REDONDO MEADOW HAS COME BACK TO LIFE. From 2013 through 2016, John and the Squad conducted research on Gunnison's prairie dogs (GPDs) at a site called Redondo Meadow in the Valles Caldera National Preserve (VCNP), approximately six miles west of our current 2017 site at the Valles Grande in VCNP, where we continue to study GPDs. But after the field season ended in 2016, the Redondo Meadows colony fell victim to plague and nearly every single prairie dog at our research site was dead before John returned to re-mark them two months later.

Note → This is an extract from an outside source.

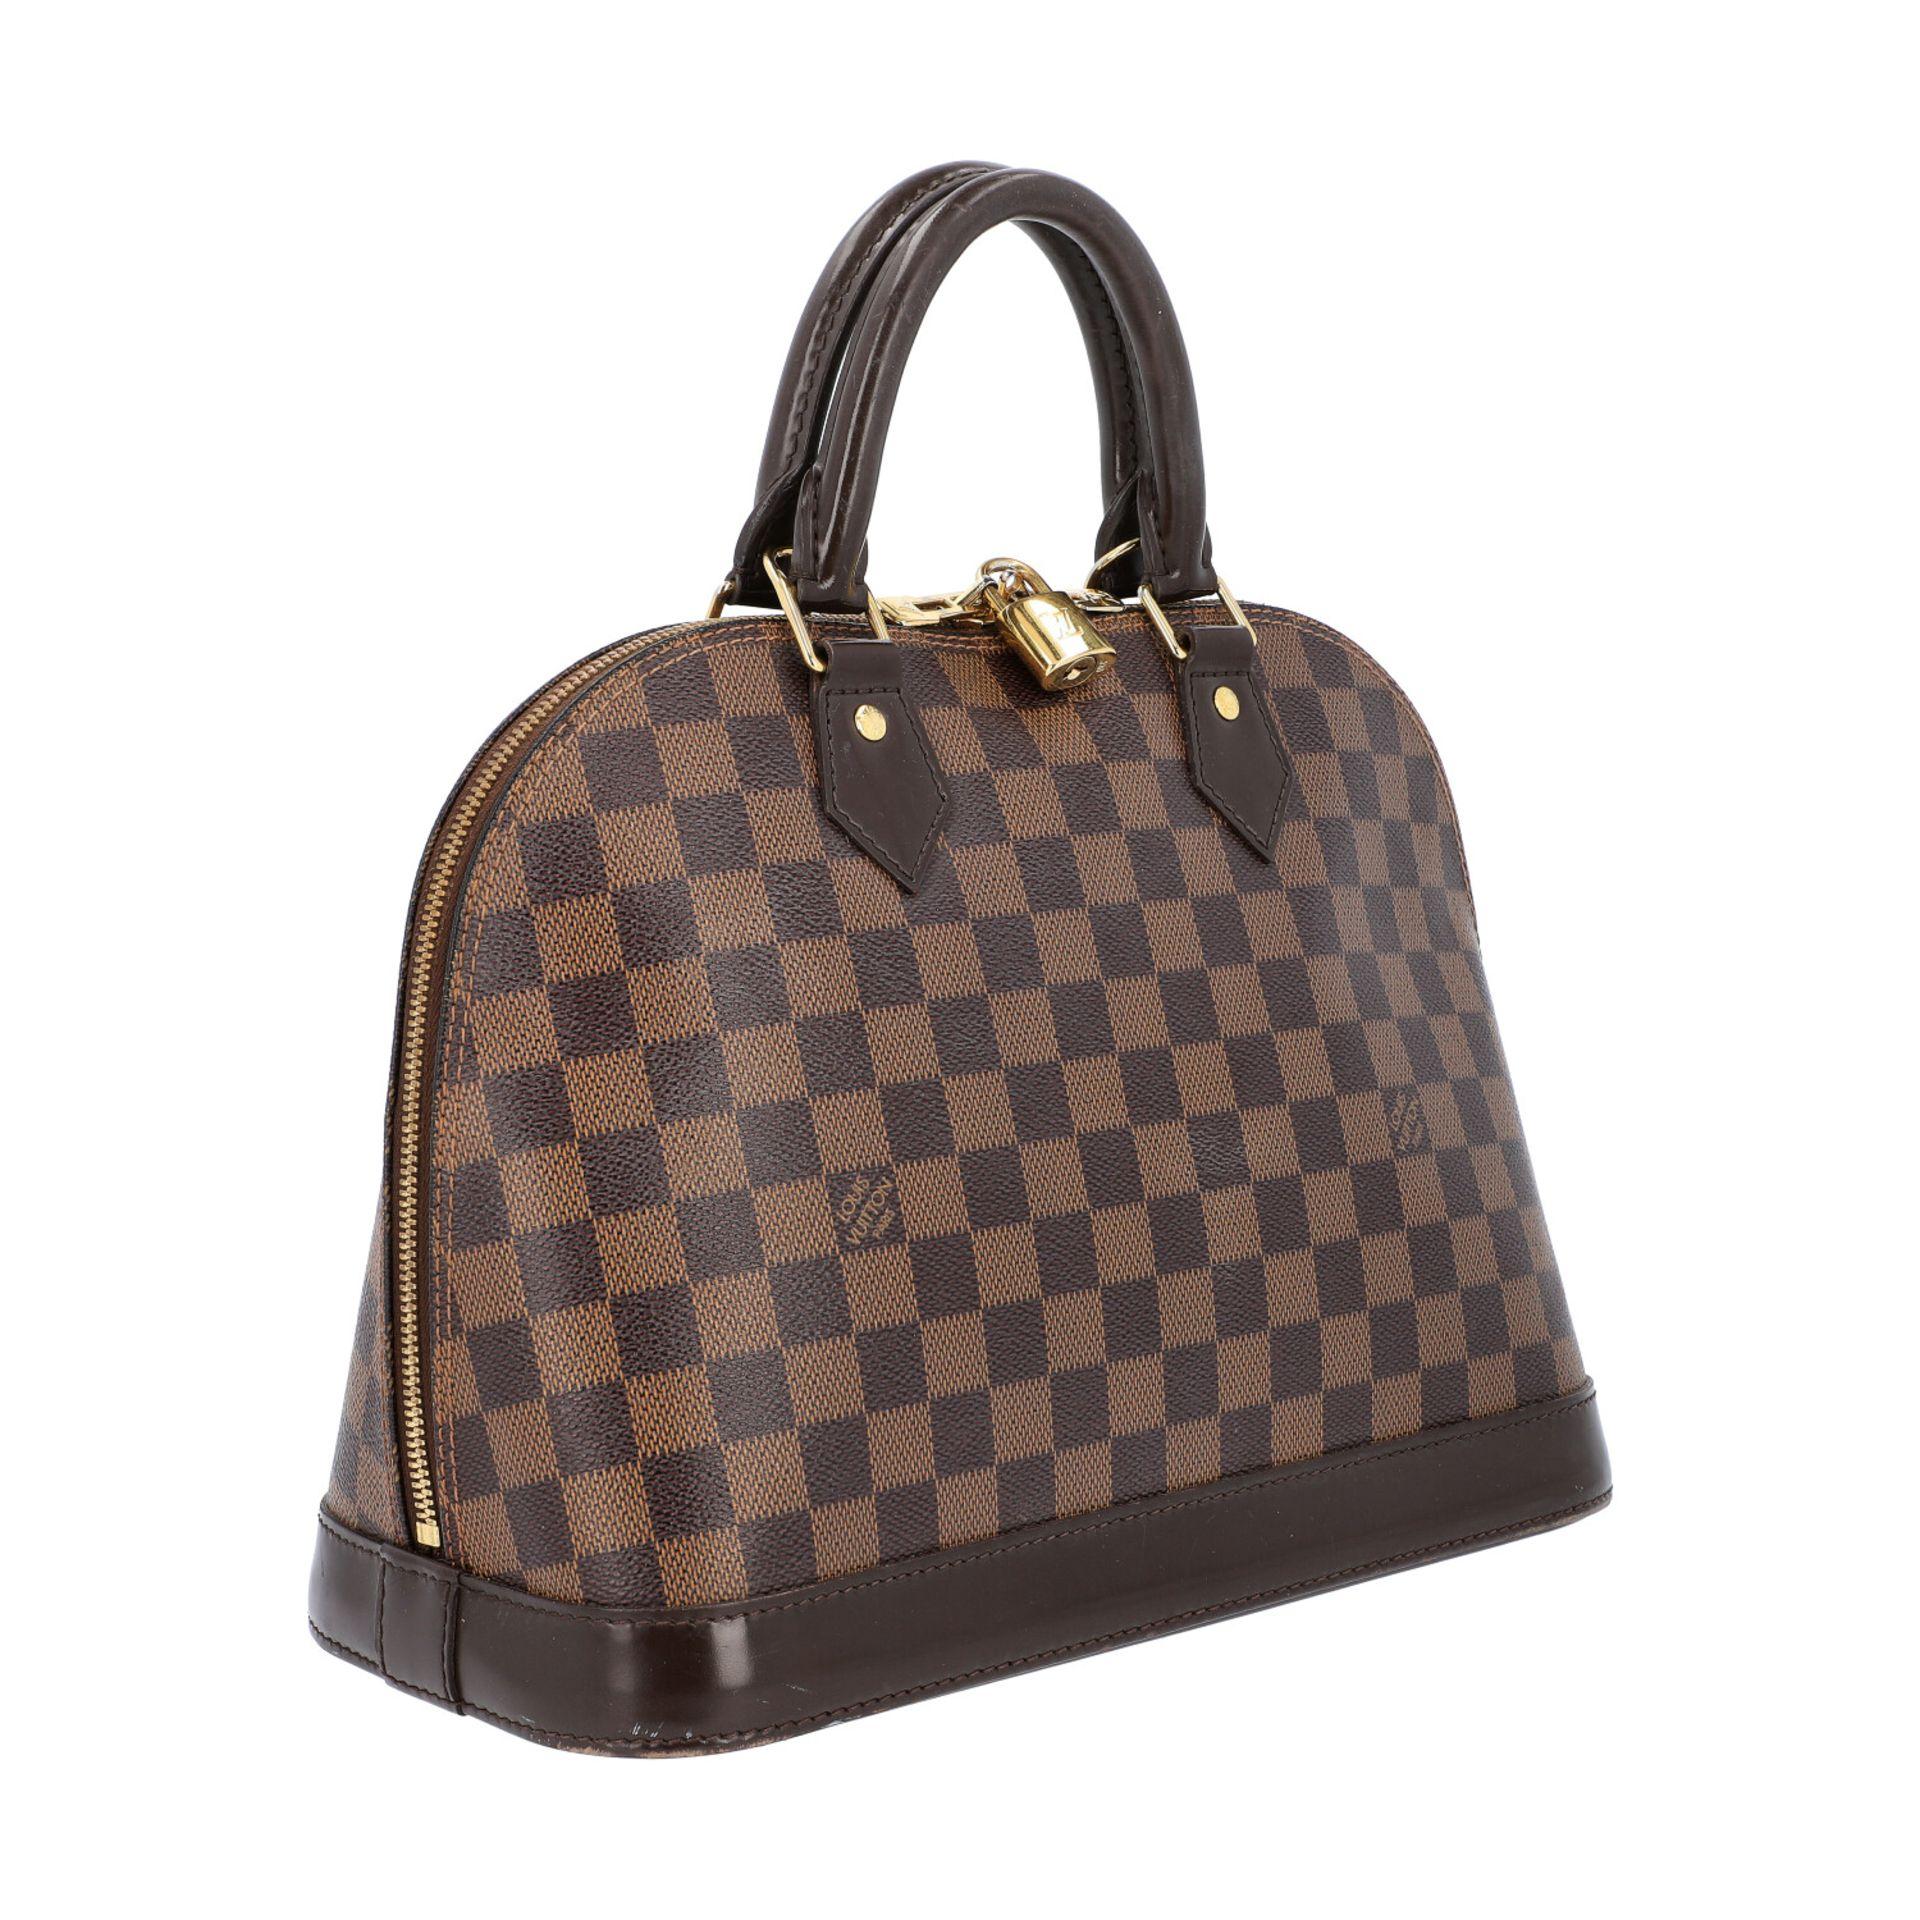 """LOUIS VUITTON Handtasche """"ALMA PM"""", Koll. 2010.Akt. NP.: 1.250,-€. Damier Ebene Serie mit - Bild 2 aus 8"""
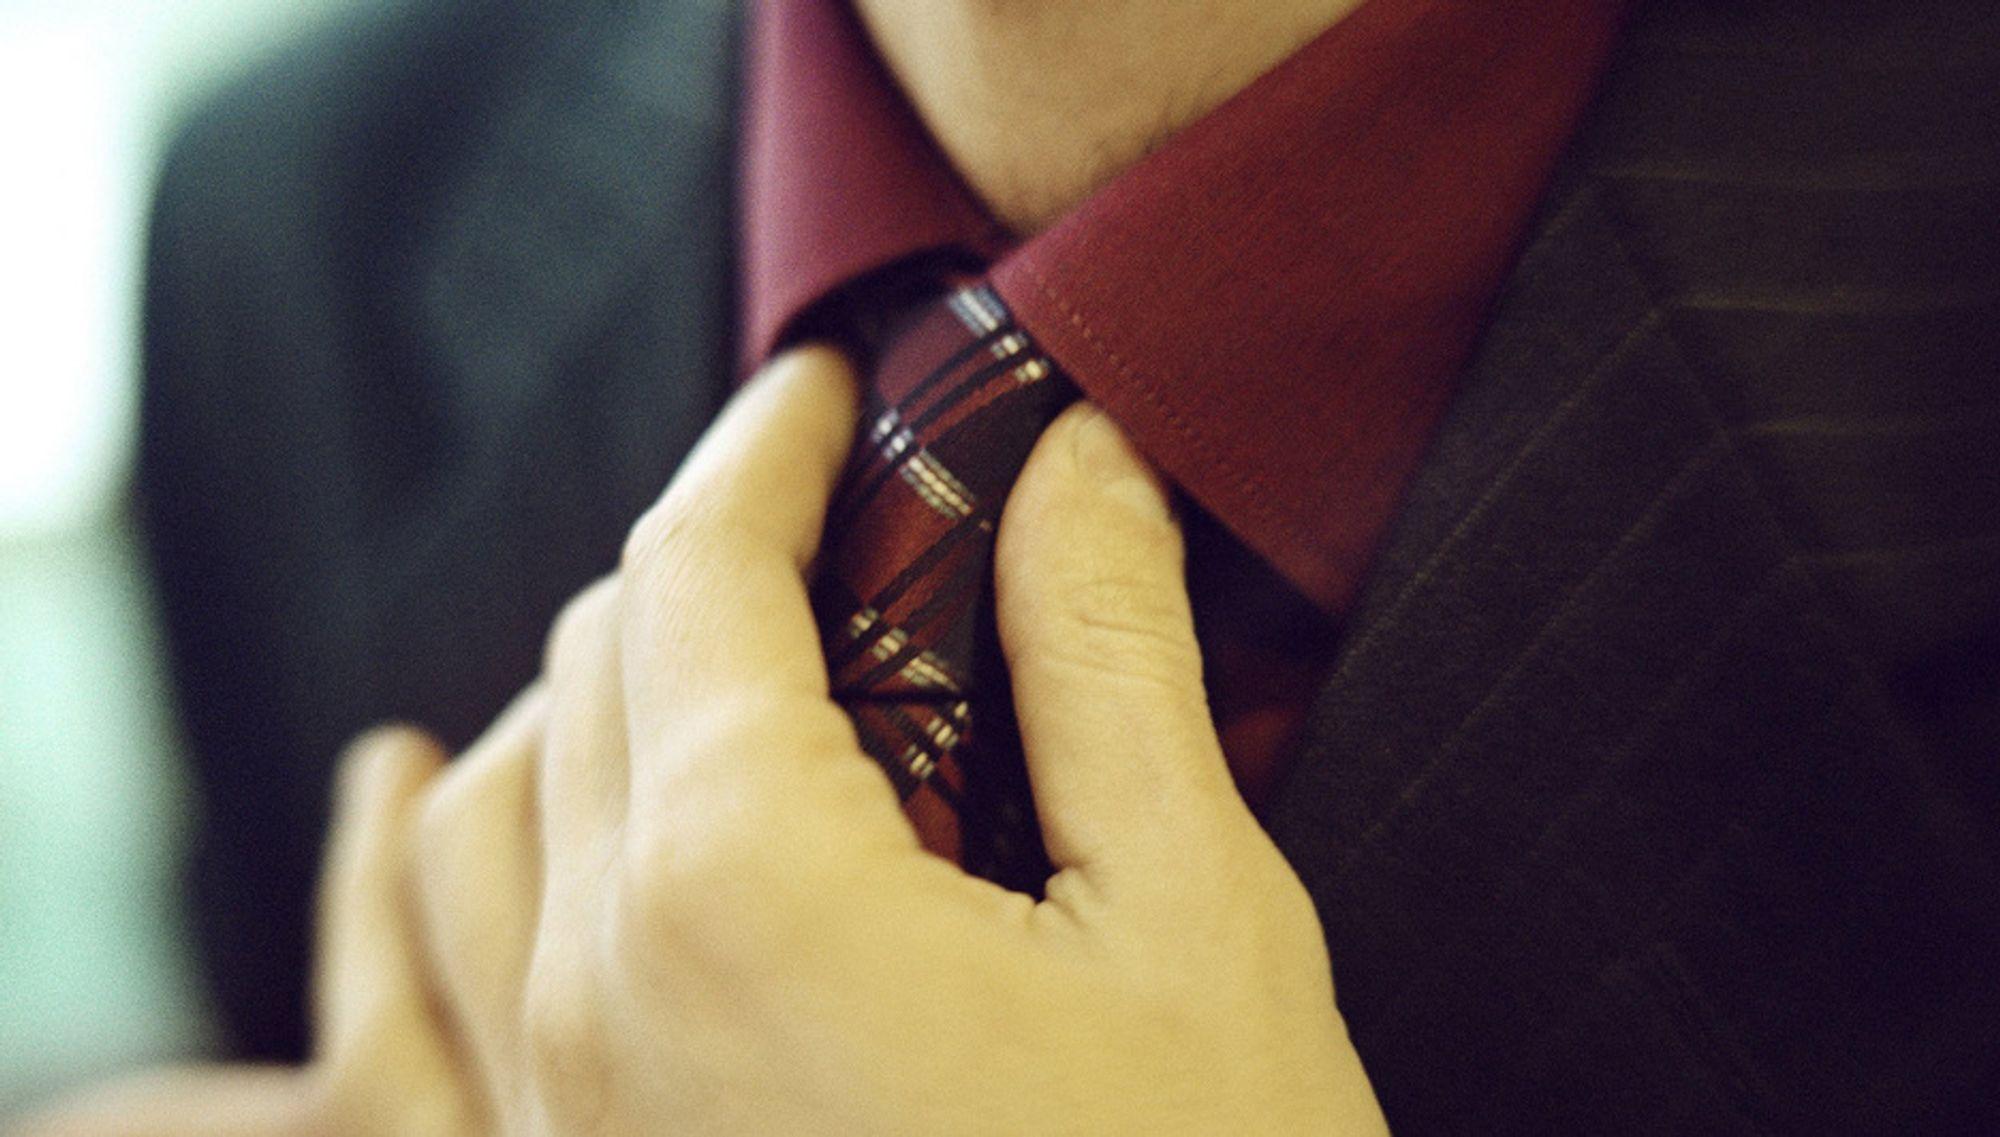 Slips. Jobb. Arbeidsliv. Arbeid. Arbeidstaker. Dress. Jobbantrekk.

It was after this plague event that John established the new research site at the Valles Grande. But throughout the 2017 season, the Squad visited the Redondo Meadow site and found two surviving members of the stricken colony: a four-year-old female original resident who they recaptured and marked "Head", and a one-year-old female who'd been born in 2016 and who they recaptured and marked "RAB" (Ring Around the Belly). With a couple more prairie dogs scattered outside the study site, the outlook was not entirely optimistic but still hopeful (always hopeful). We do not know at this point if our survivors were infected with the plague (and perhaps had antibodies or some type of resistance) or managed to avoid infection.
A couple of days ago, after spending the season photographing the new colony at the Valles Grande, Mariana Rivera Rodriguez (field assistant and former squaddie) went back to Redondo Meadow with the goal of capturing and marking any surviving prairie dogs. Gladly, she found Head and RAB not only alive and well, but each mothering a litter of new juveniles. Who the father may be, we cannot say, but he is likely one of the prairie dogs lingering on the edges of the study site and occasionally coming nearer. Regardless, Mariana and John are optimistic about the prospects of a repopulation of Redondo Meadow.
The next couple of weeks, as John and the Squad finish trapping and conducting alarm-call experiments at the Valles Grande, Mariana will be trapping and tagging the mothers and offspring at Redondo Meadow. Let's hope for as many females among the offspring as possible, so that not too many of them disperse.